▶

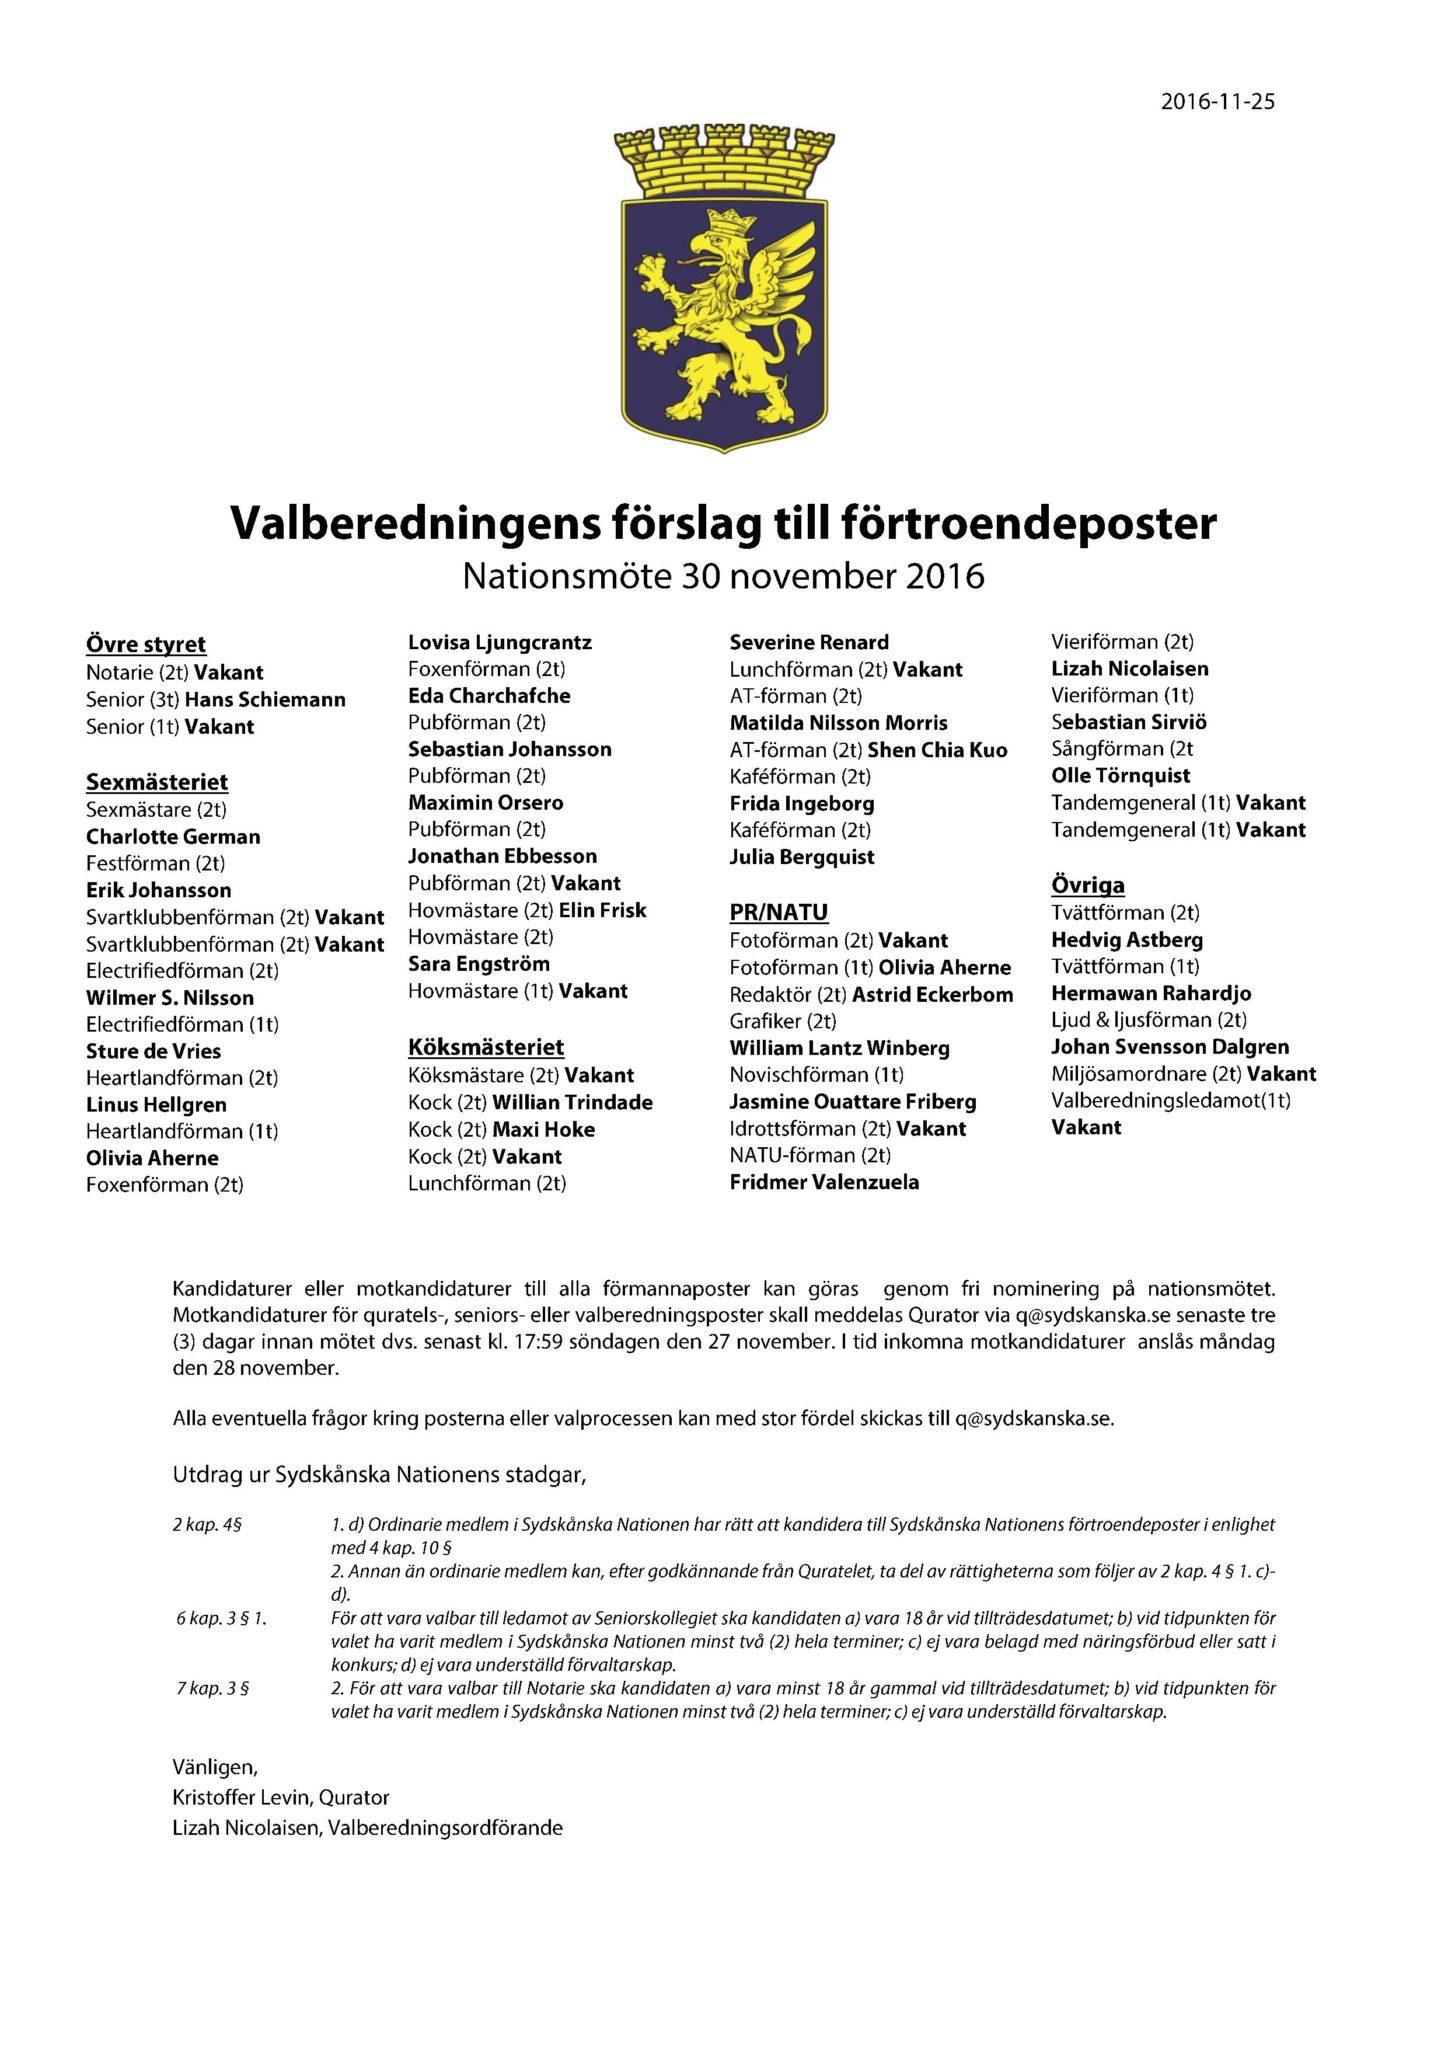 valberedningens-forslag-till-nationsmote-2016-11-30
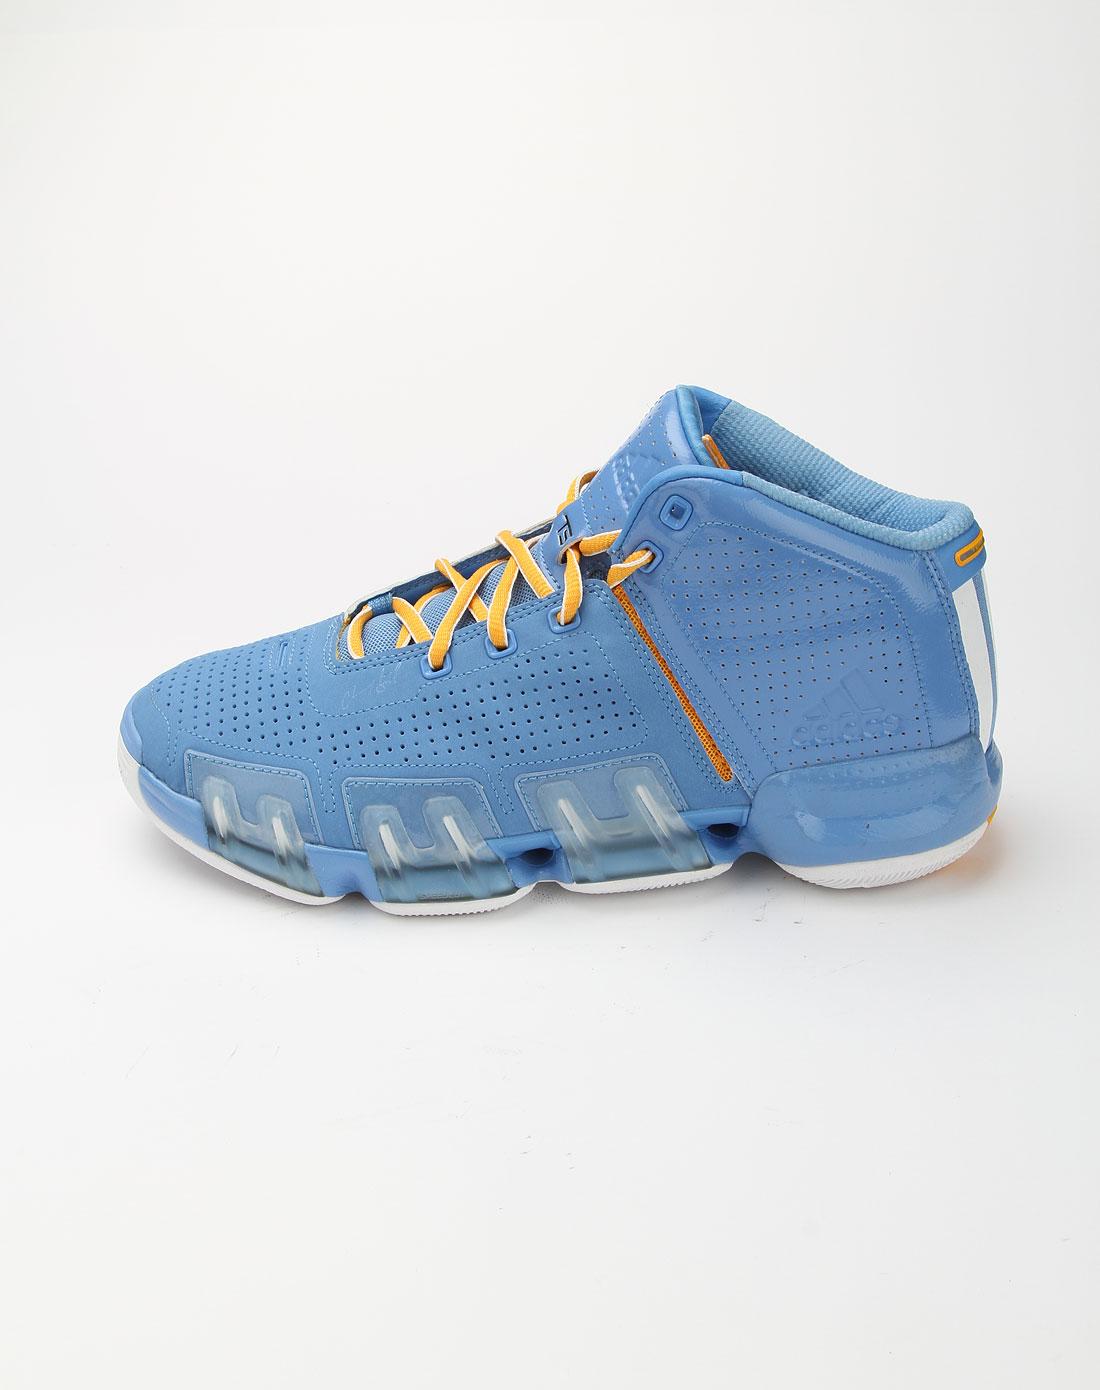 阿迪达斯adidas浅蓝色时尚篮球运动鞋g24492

◀
▶

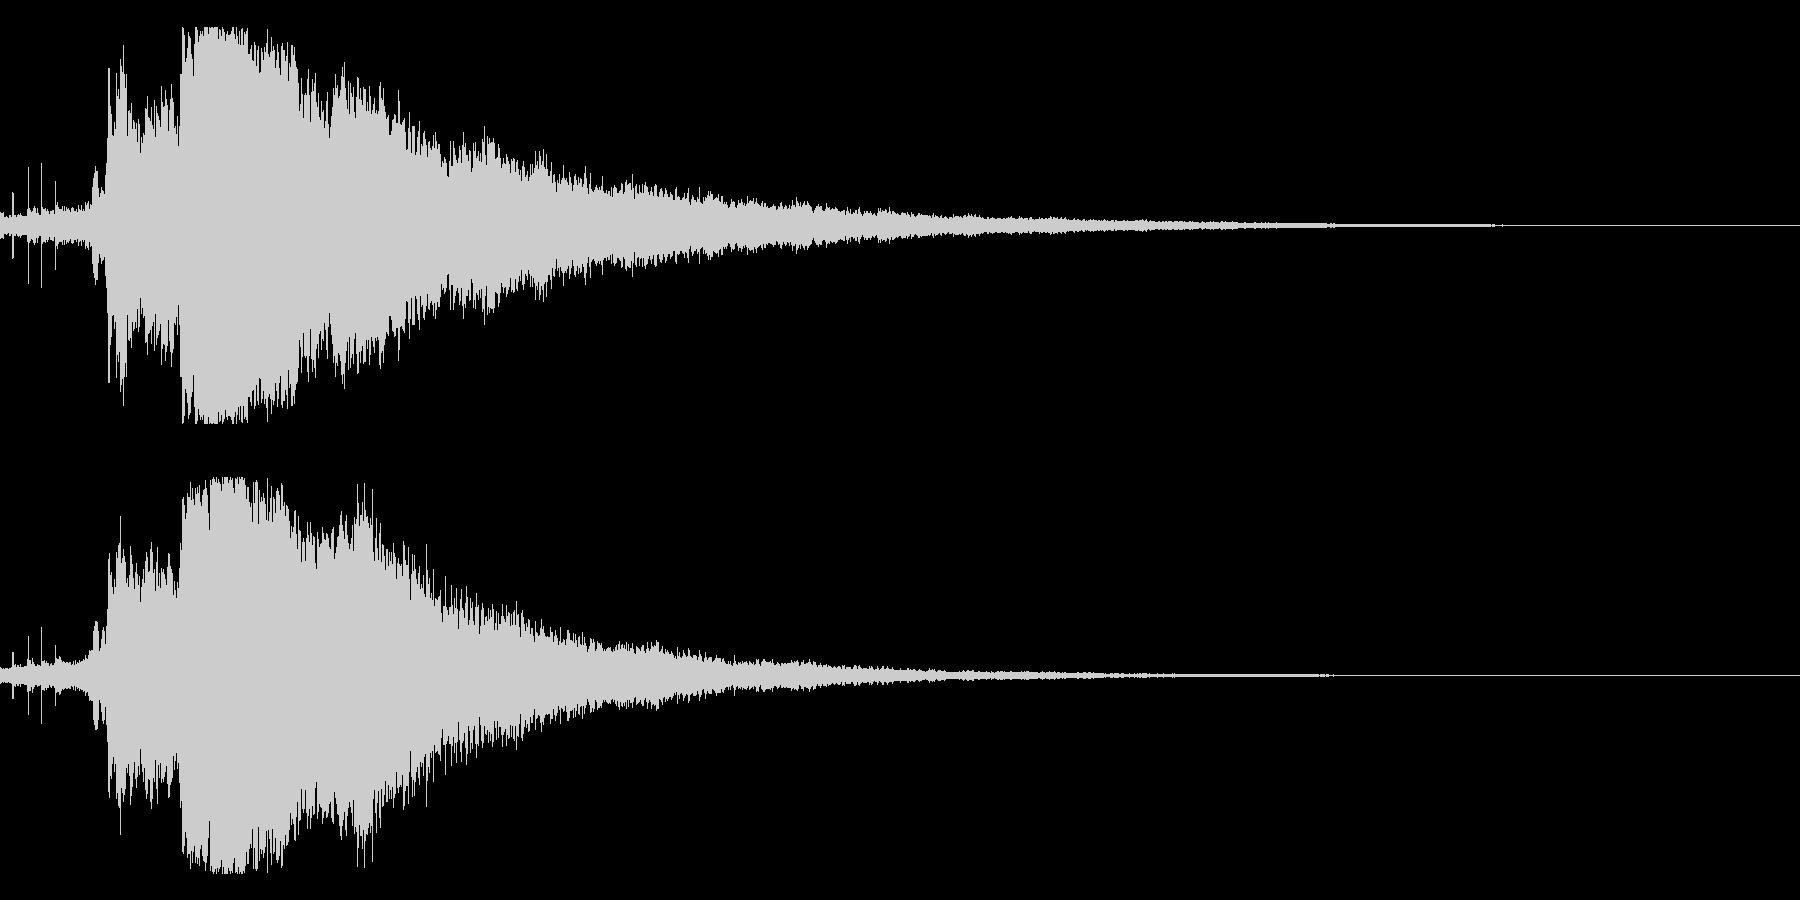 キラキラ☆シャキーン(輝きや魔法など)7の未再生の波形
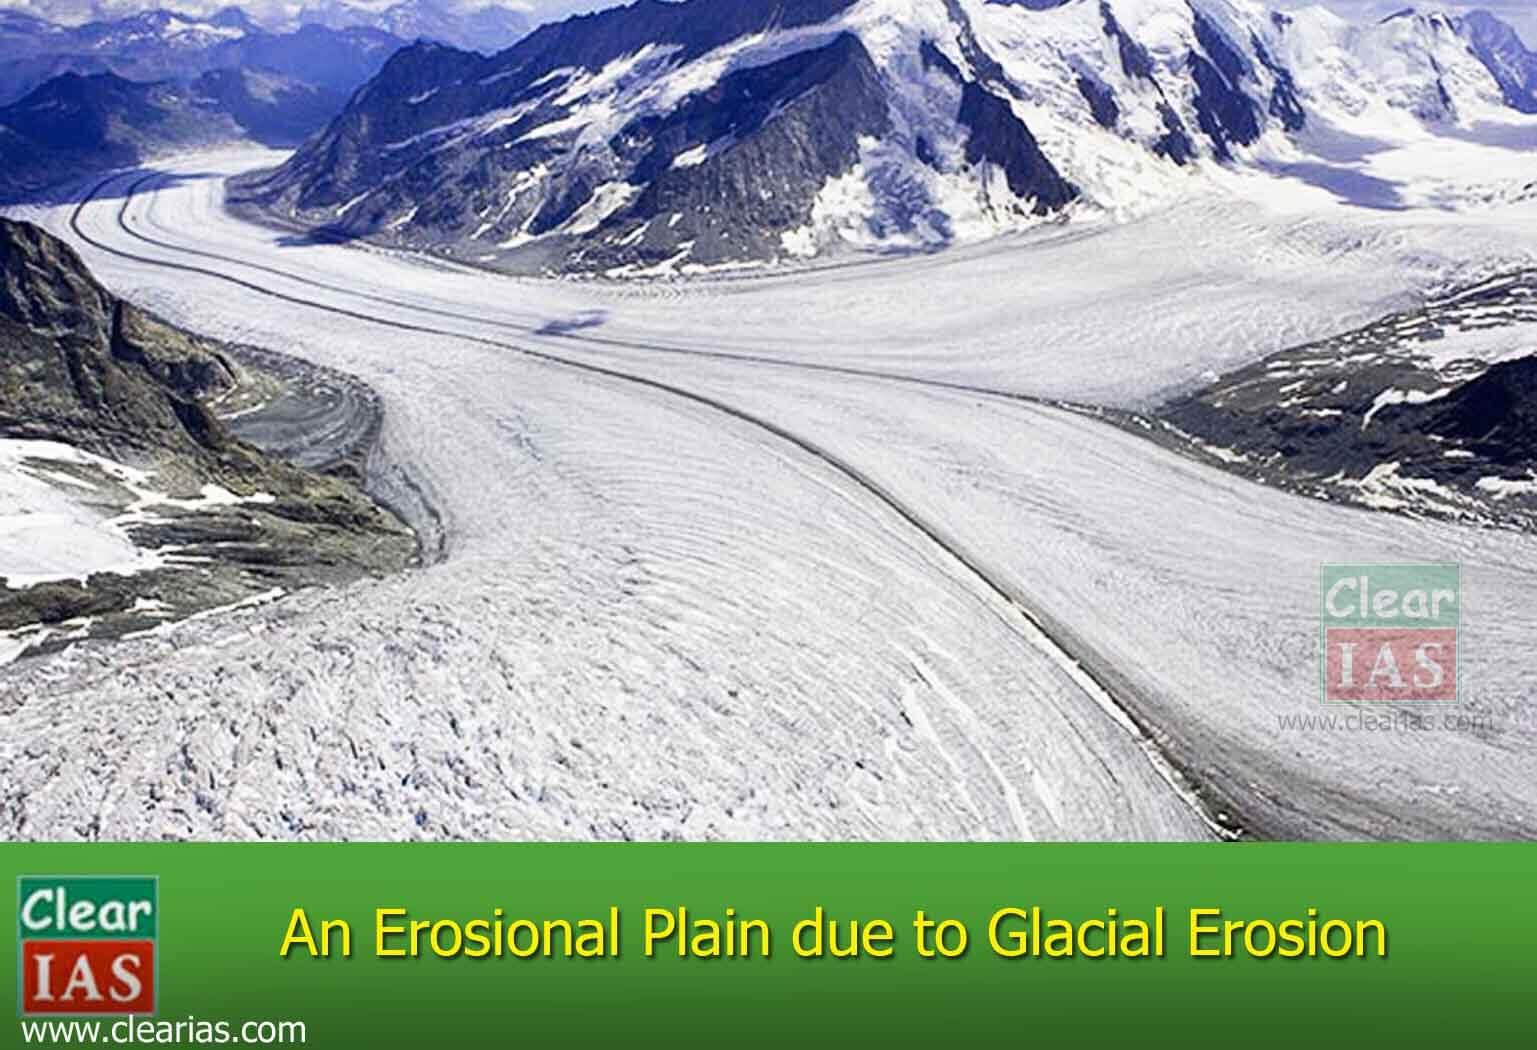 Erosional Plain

◀

## INSTRUCTIONS FOR THE TASK
Nothing but the lines from the one with "valberedningens-forslag-till-nationsmote-2016-11-30" to the one with "阿迪达斯adidas浅蓝色时尚篮球运动鞋g24492" above, both included, should be transcribed, exactly and without pictures.

## EXPECTED ANSWER
 valberedningens-forslag-till-nationsmote-2016-11-30
 阿迪达斯adidas浅蓝色时尚篮球运动鞋g24492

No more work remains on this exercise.